Extract the full listing verbatim and drop any pictures from your copy.

__Supplied data__.
"""

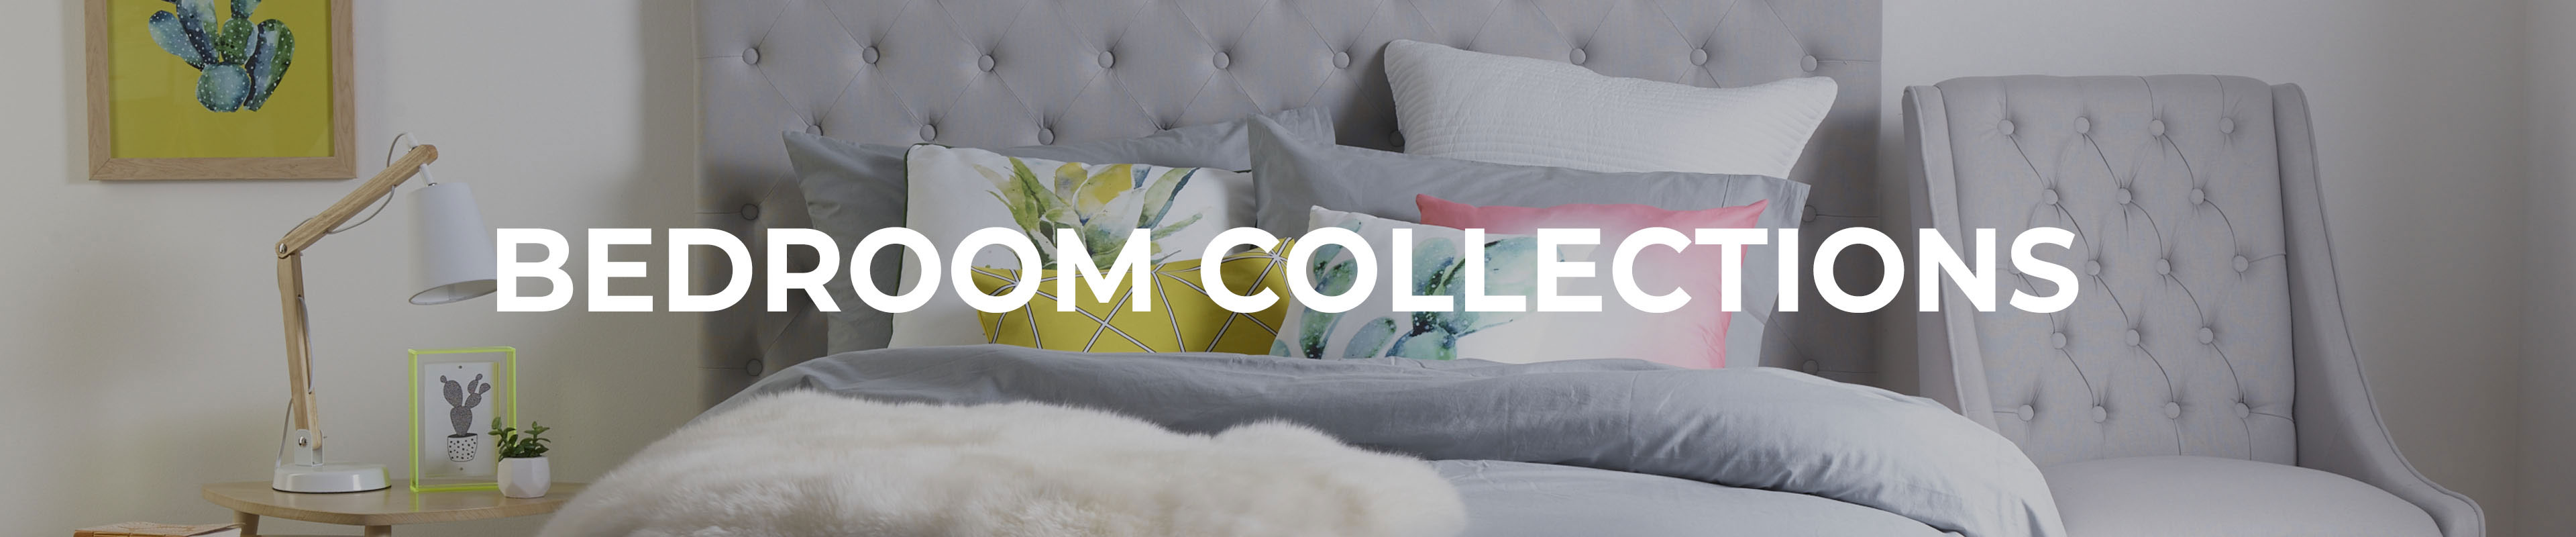 Shop Our Bedroom Collections
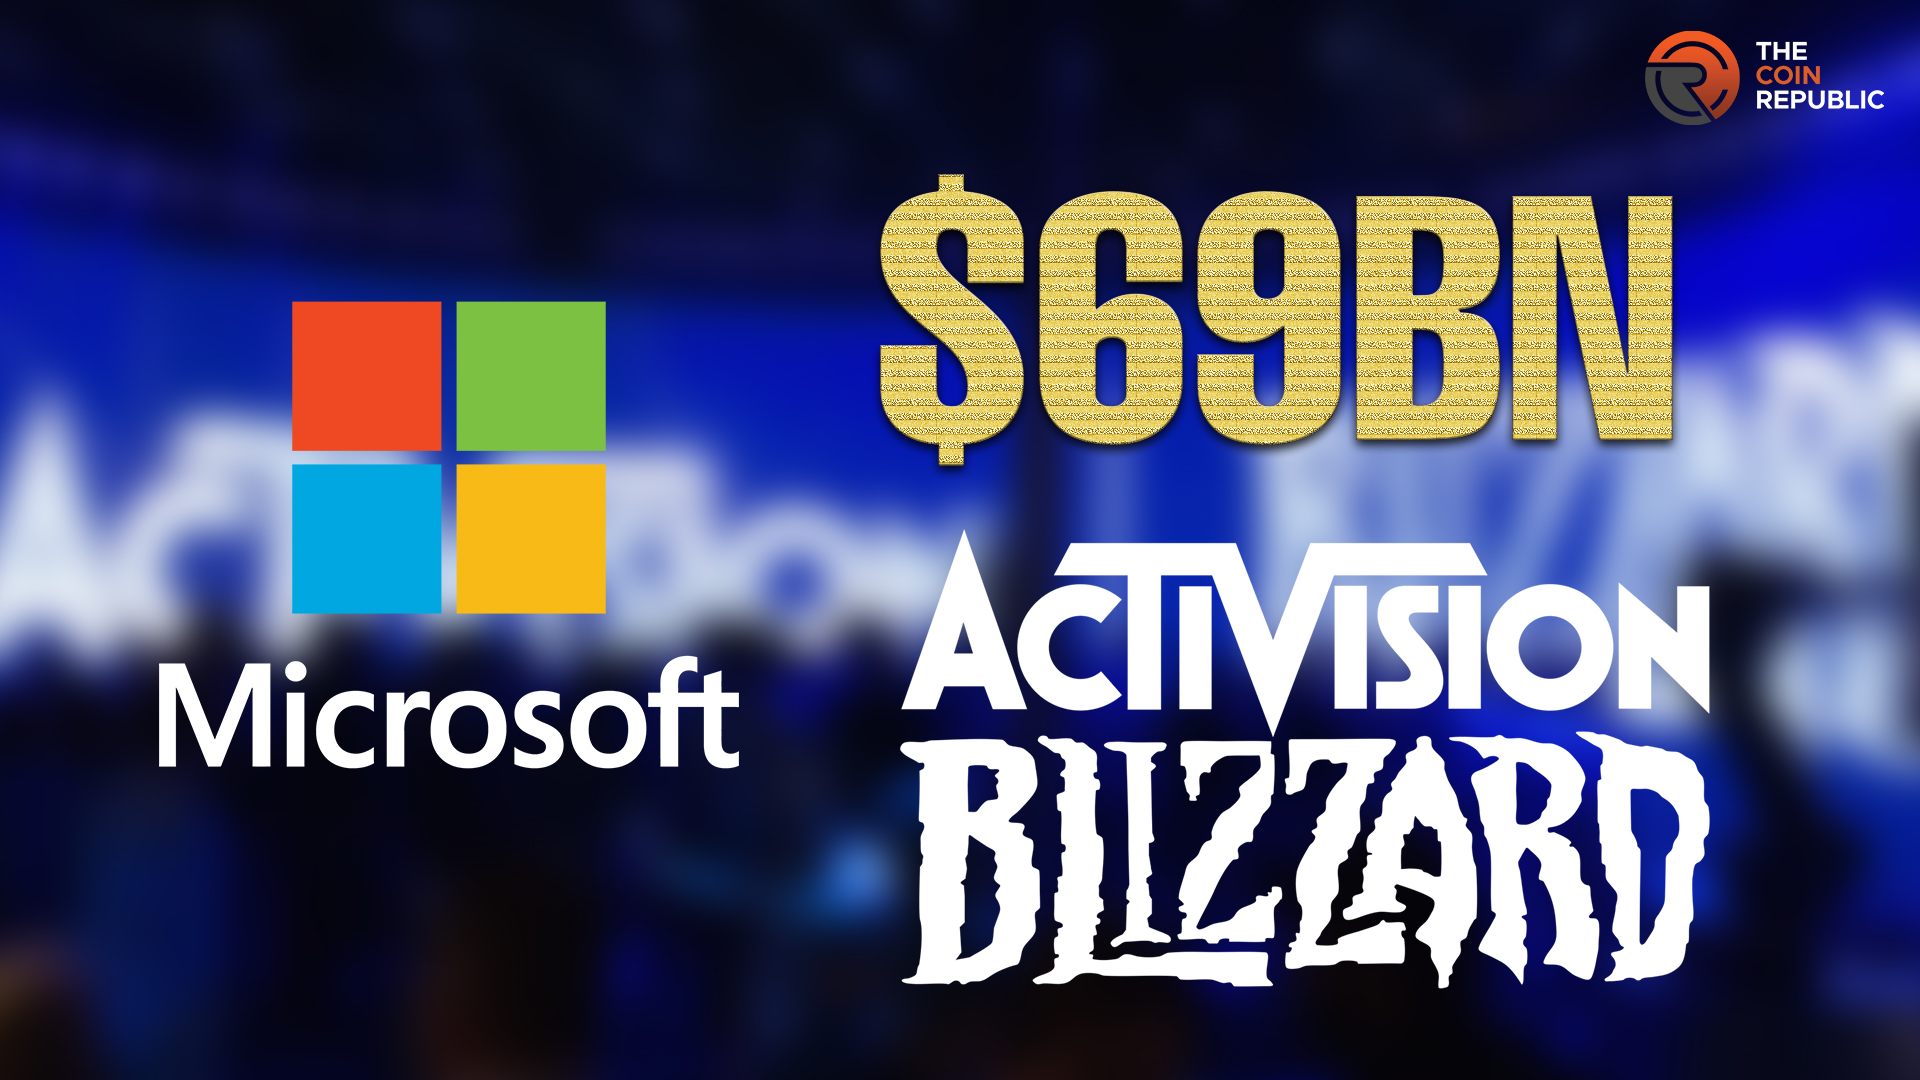 Historic Activision Blizzard Deal Might Boost MSFT Stock
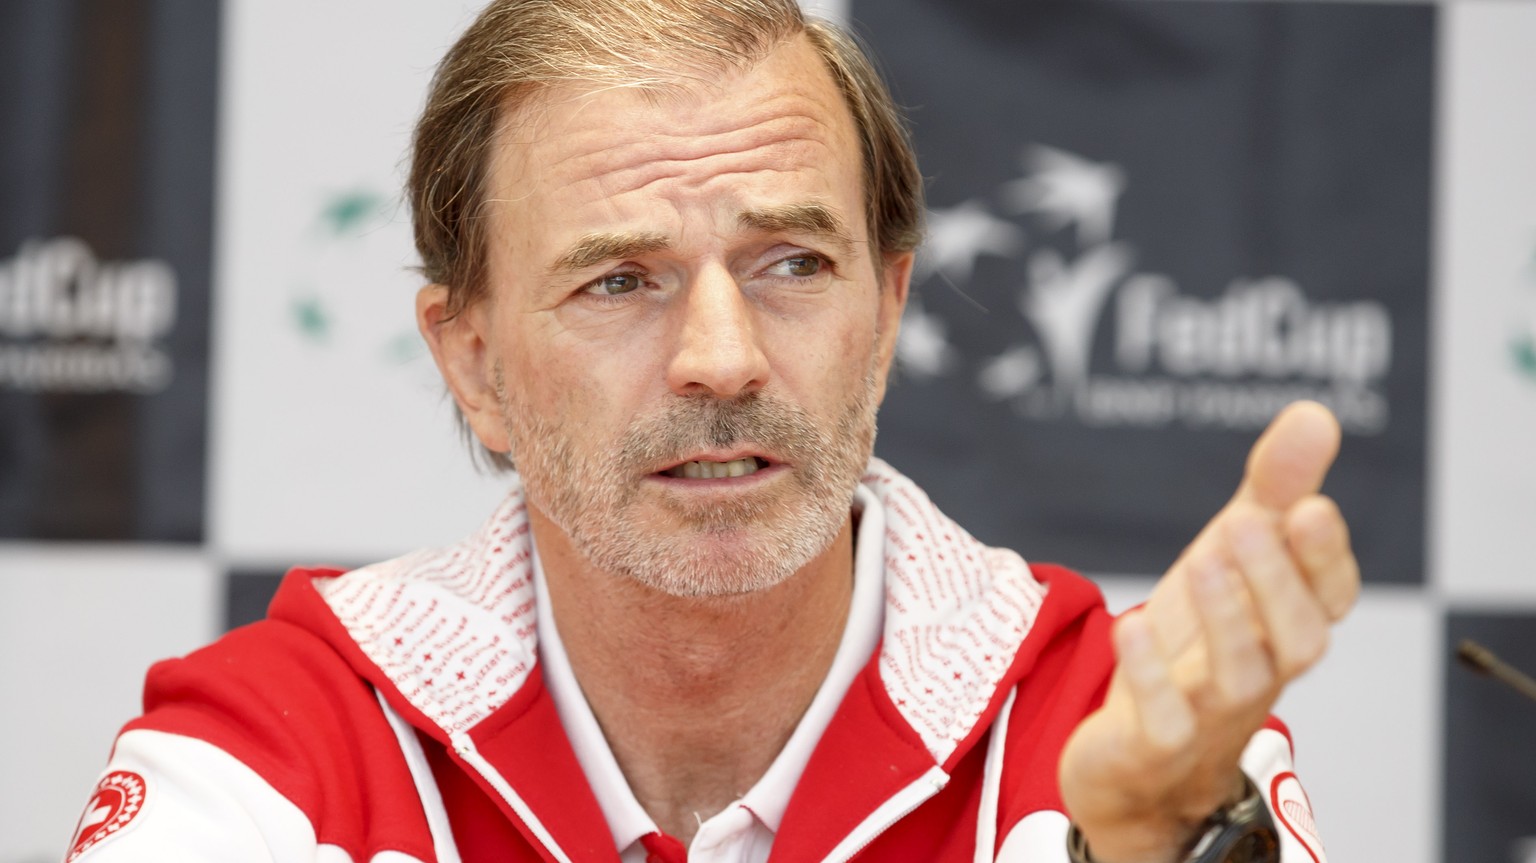 Swiss Fed Cup Team captain Heinz Guenthardt speaks to the media, after the drawing of the Fed Cup World Group Semifinal match between Belarus and Switzerland, in Minsk, Belarus, Friday, April 21, 2017 ...

"""

__Output below__.
 Shop Our Bedroom Collections
 Historic Activision Blizzard Deal Might Boost MSFT Stock
 Swiss Fed Cup Team captain Heinz Guenthardt speaks to the media, after the drawing of the Fed Cup World Group Semifinal match between Belarus and Switzerland, in Minsk, Belarus, Friday, April 21, 2017 ...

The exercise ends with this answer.